● **ABOUT THIS TASK**
The expected output is the line with "Rustic Coffee Table Set MEADOW 3F4121-2PC" plus all lines after it to the end of the material below, reproduced exactly, with pictures omitted and nothing else included.

● **DATA EXTRACT**
-- -- --

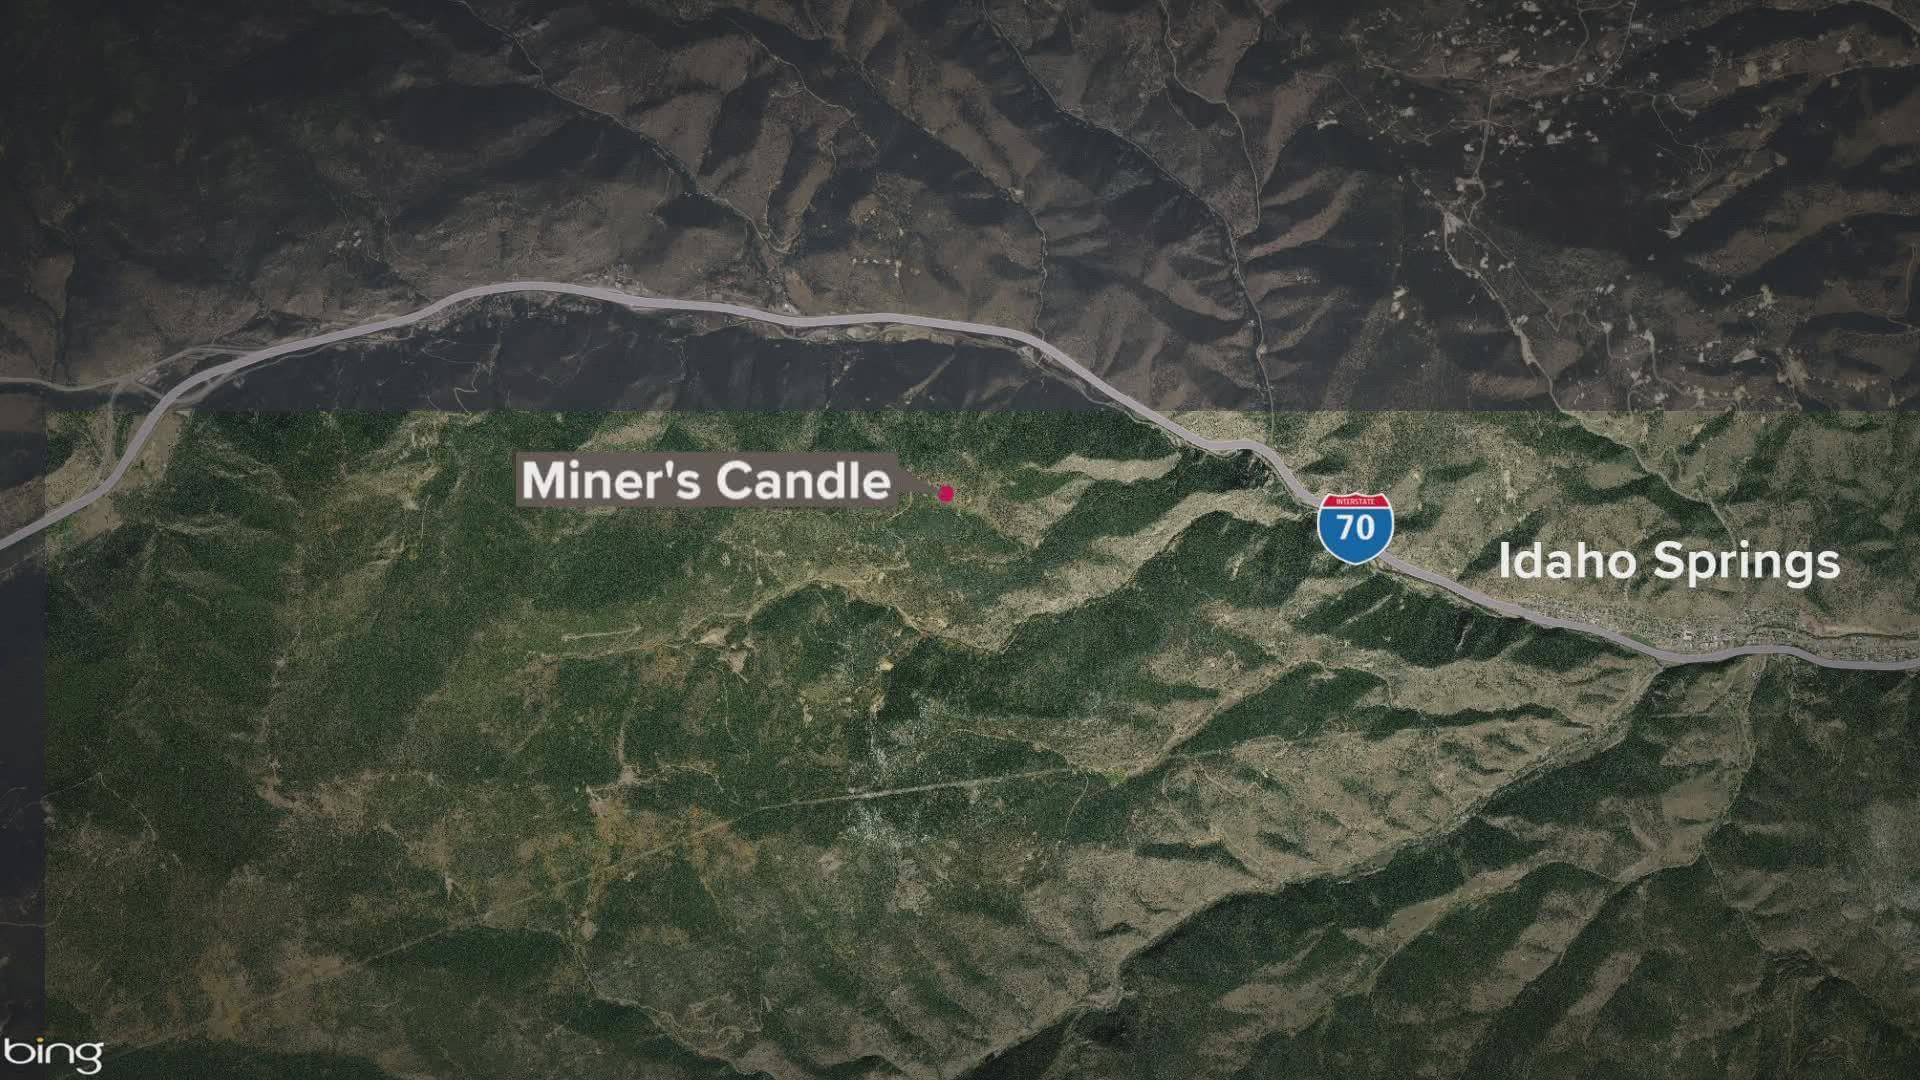 The sheriff's office said the human remains were found in the Miner's Candle area.
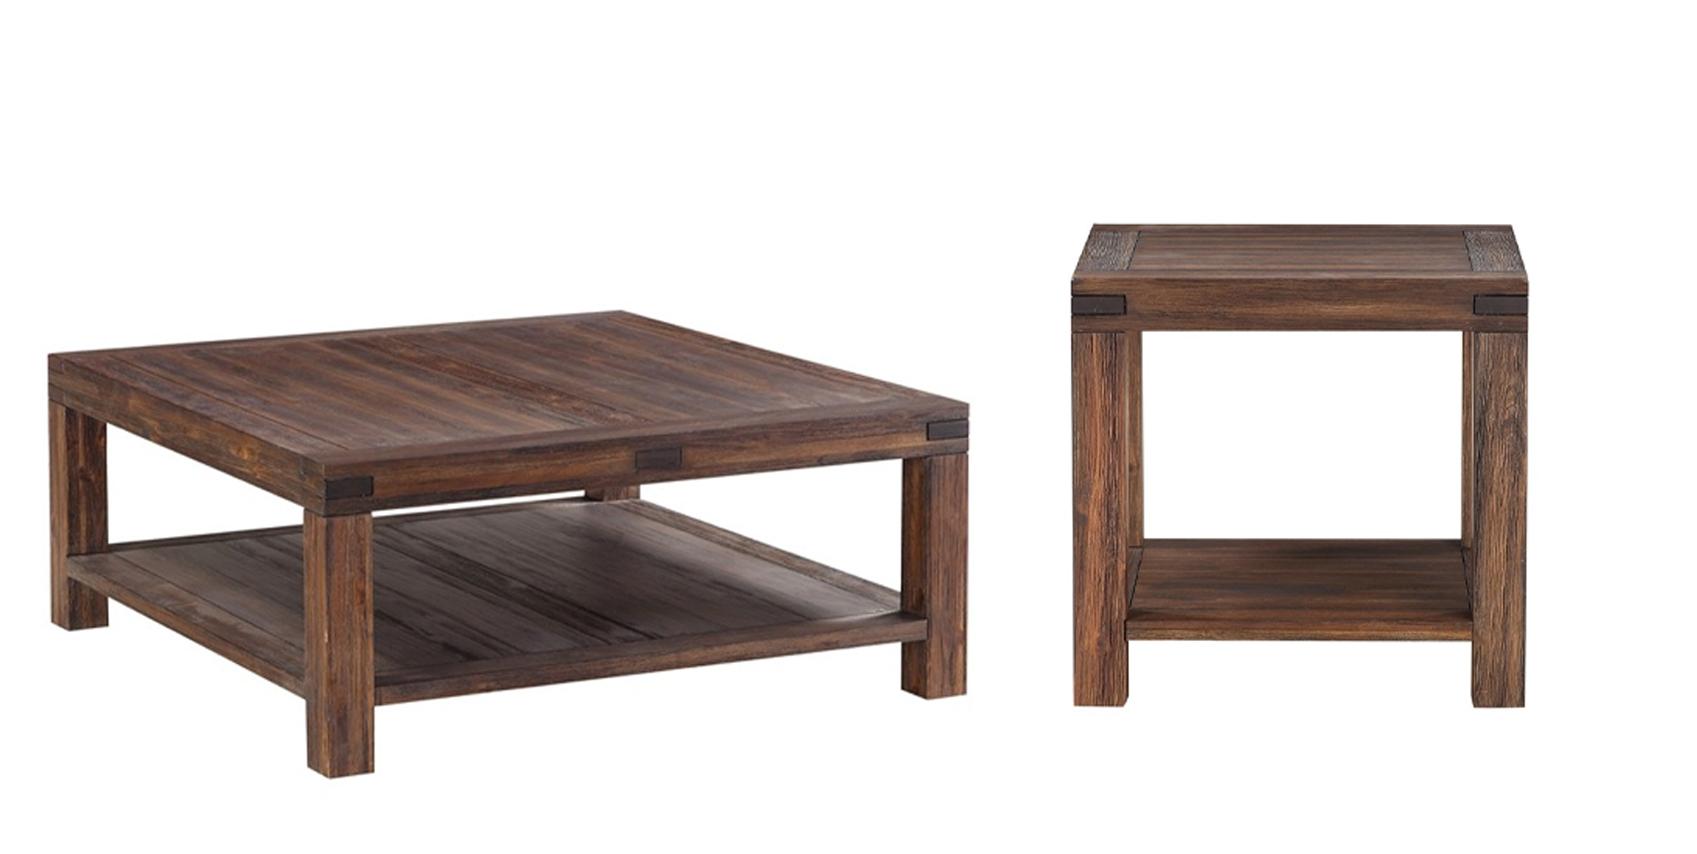 Rustic Coffee Table Set MEADOW 3F4121-2PC 
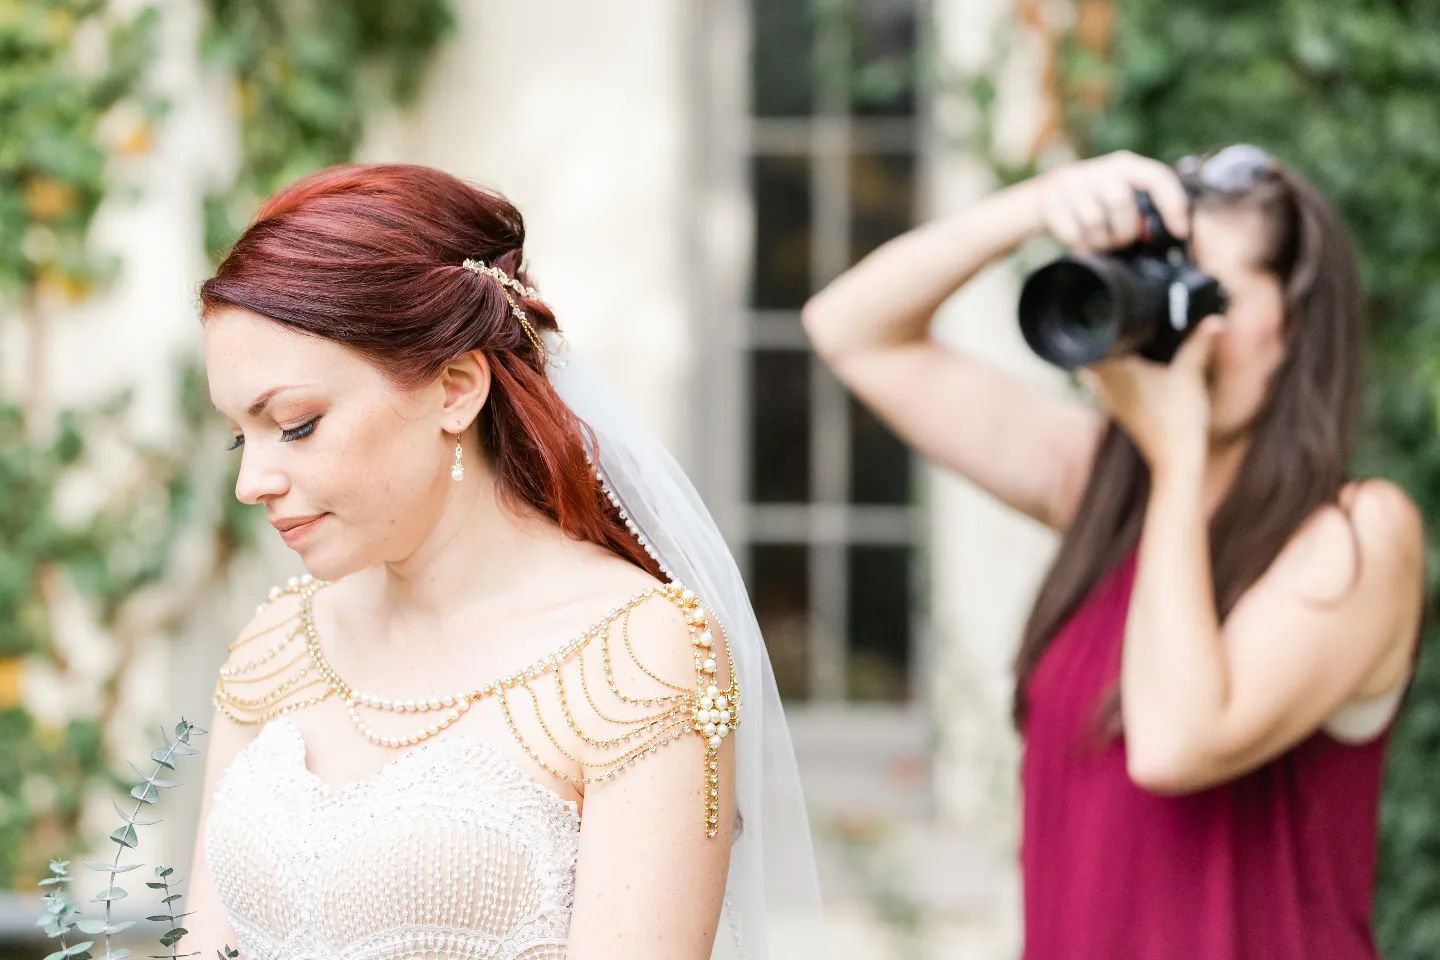 sandra henderson takes a photo of a bride for her wedding photography portfolio

-- -- --

● **SOLUTION TO THIS TASK**
 Rustic Coffee Table Set MEADOW 3F4121-2PC 
 sandra henderson takes a photo of a bride for her wedding photography portfolio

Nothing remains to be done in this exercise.